= North Carolina Award =

The North Carolina Award is the highest civilian award bestowed by the U.S. state of North Carolina. It is awarded in the four fields of science, literature, the fine arts, and public service. Sometimes referred to as the "Nobel Prize of North Carolina", the award has been given to up to nine individuals each year since 1964. The awards, provided for by chapters 140A and 143B of the North Carolina General Statutes, are chosen by the North Carolina Awards Committee appointed by the Governor of North Carolina and supervised by the North Carolina Department of Natural and Cultural Resources.

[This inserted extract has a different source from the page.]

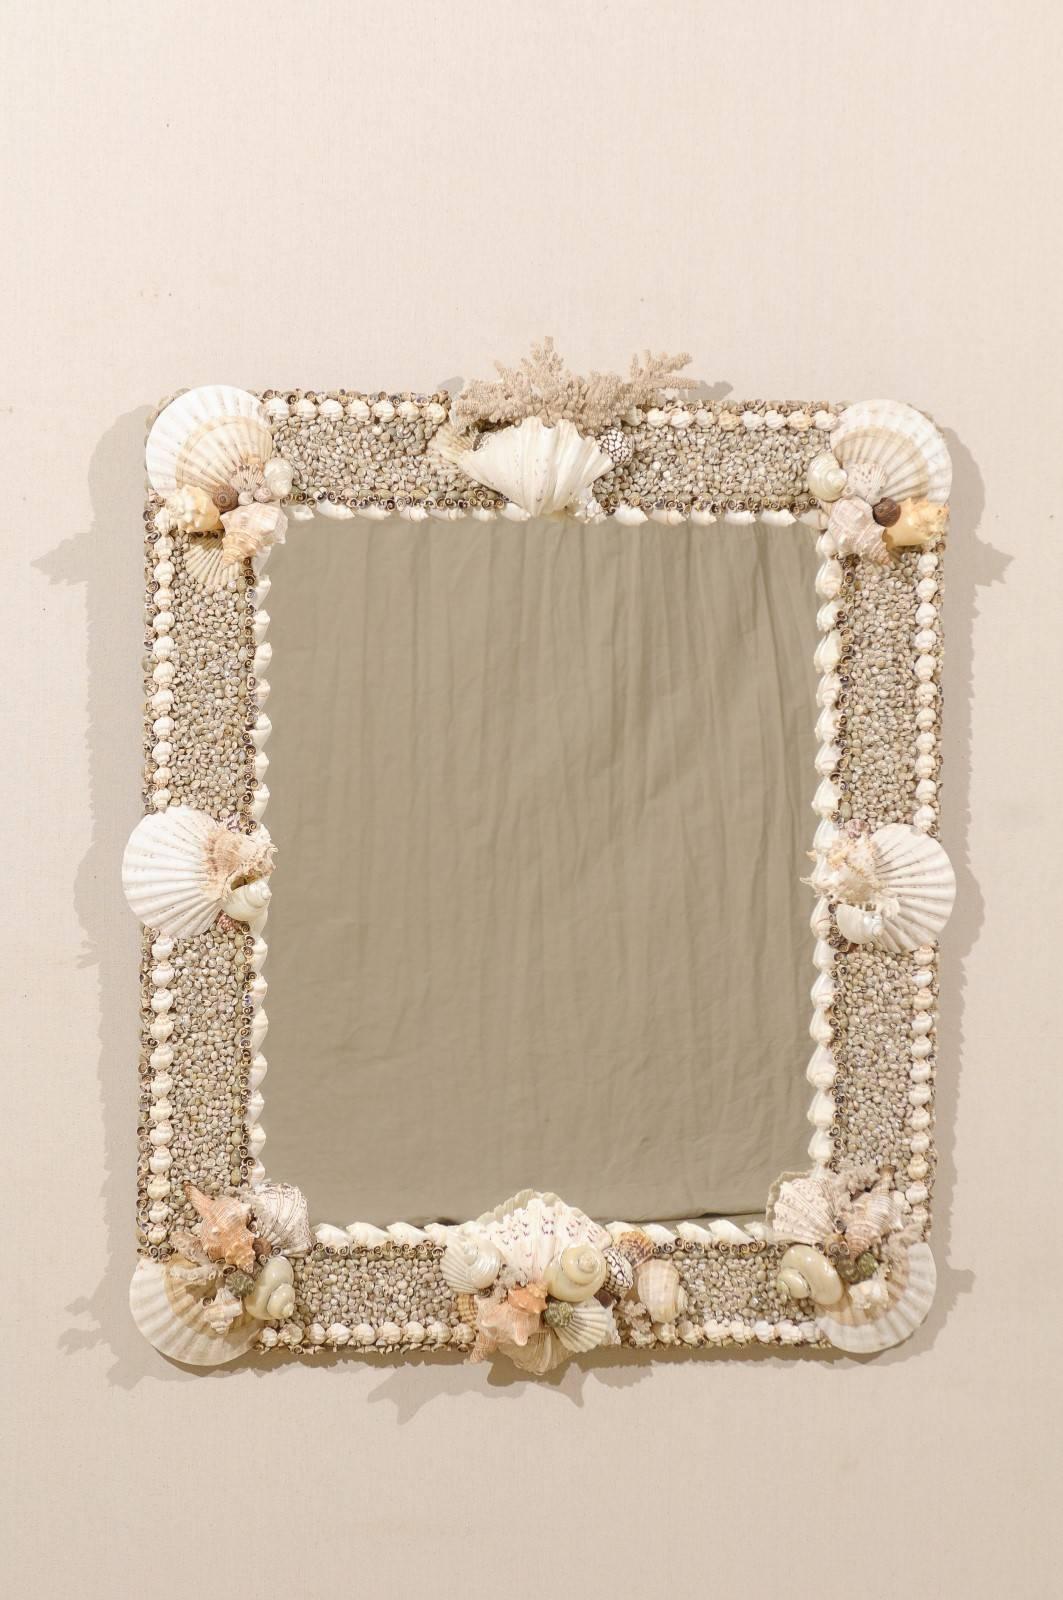 A shell and coral decorated wall mirror. This oceanic inspired mirror is comprised of various real shells, coral and ocean rock from the Indian Ocean and the Philippines. Bringing a taste of the outdoors in, this nautical mirror has a lovely seaside

The award was designed by sculptor Paul Manship and was one of the last commissions he completed before his death.

==History==
On June 22, 1961, the North Carolina General Assembly passed legislation creating the North Carolina Awards. The enacting statute provided for awards for "Literature, Science, the Fine Arts and Public Service" to be conferred upon five citizens and one former citizen of the state every year. The program was designed to be a overseen by a five-person commission appointed by the governor. The commission would in turn appoint committees for each awarding category who would select the awardees.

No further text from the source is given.